If it crosses over into isolation, then the friend stays important. They may gently challenge you and say "Hey I don't think this kind of isolation is healthy." An abuser will say the same thing, about solitude or isolation, but they make  it all about them-self or their expectations. If someone comes and presses on your self-protection bubble, then ask yourself which one it is. If its the caring friend, let them in even if you are feeling pretty crappy about life. Their love and care will make it easier to come out of the isolation bubble, even if the conversations that requires aren't easy. If it is the demanding, selfish person who is making it all about them, then you are free to choose solitude, and you should - for the sake of your health.

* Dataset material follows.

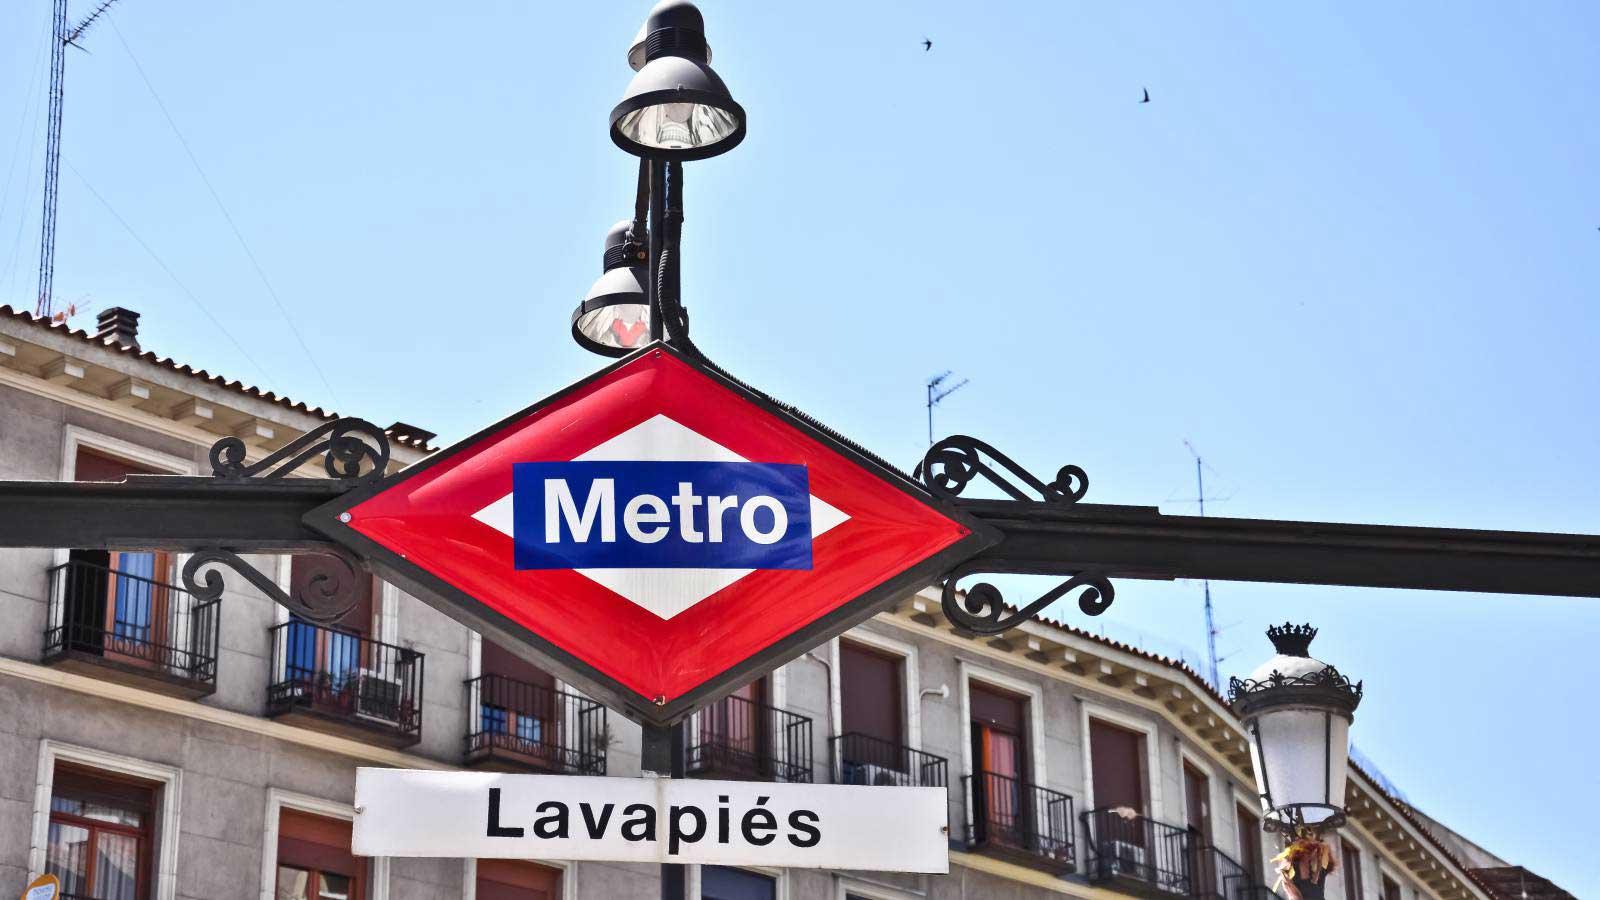 Metro de Lavapiés

Because Jim Carrey is right about one thing. Sometimes people drain your energy. Solitude can be a little addictive like that. These days I have an "emotional coinage" budget. I don't spend more than I've got in the bank. Some people will take all you've got. Other's will help you recharge. Sometimes you give when there will be no return on investment, because you love that emotional vampire. Sometimes, the person you've got to spend your emotional coinage on is yourself. Know yourself. Know your needs. Know the difference. Sure, challenge yourself in certain areas. That is healthy. But a healthy person sets their own terms, and recognises their limits.

So there you go! My thoughts on Jim Carrey's quote.

Solitude can be great. Isolation, not so much. Know the difference and revel in the healthy one!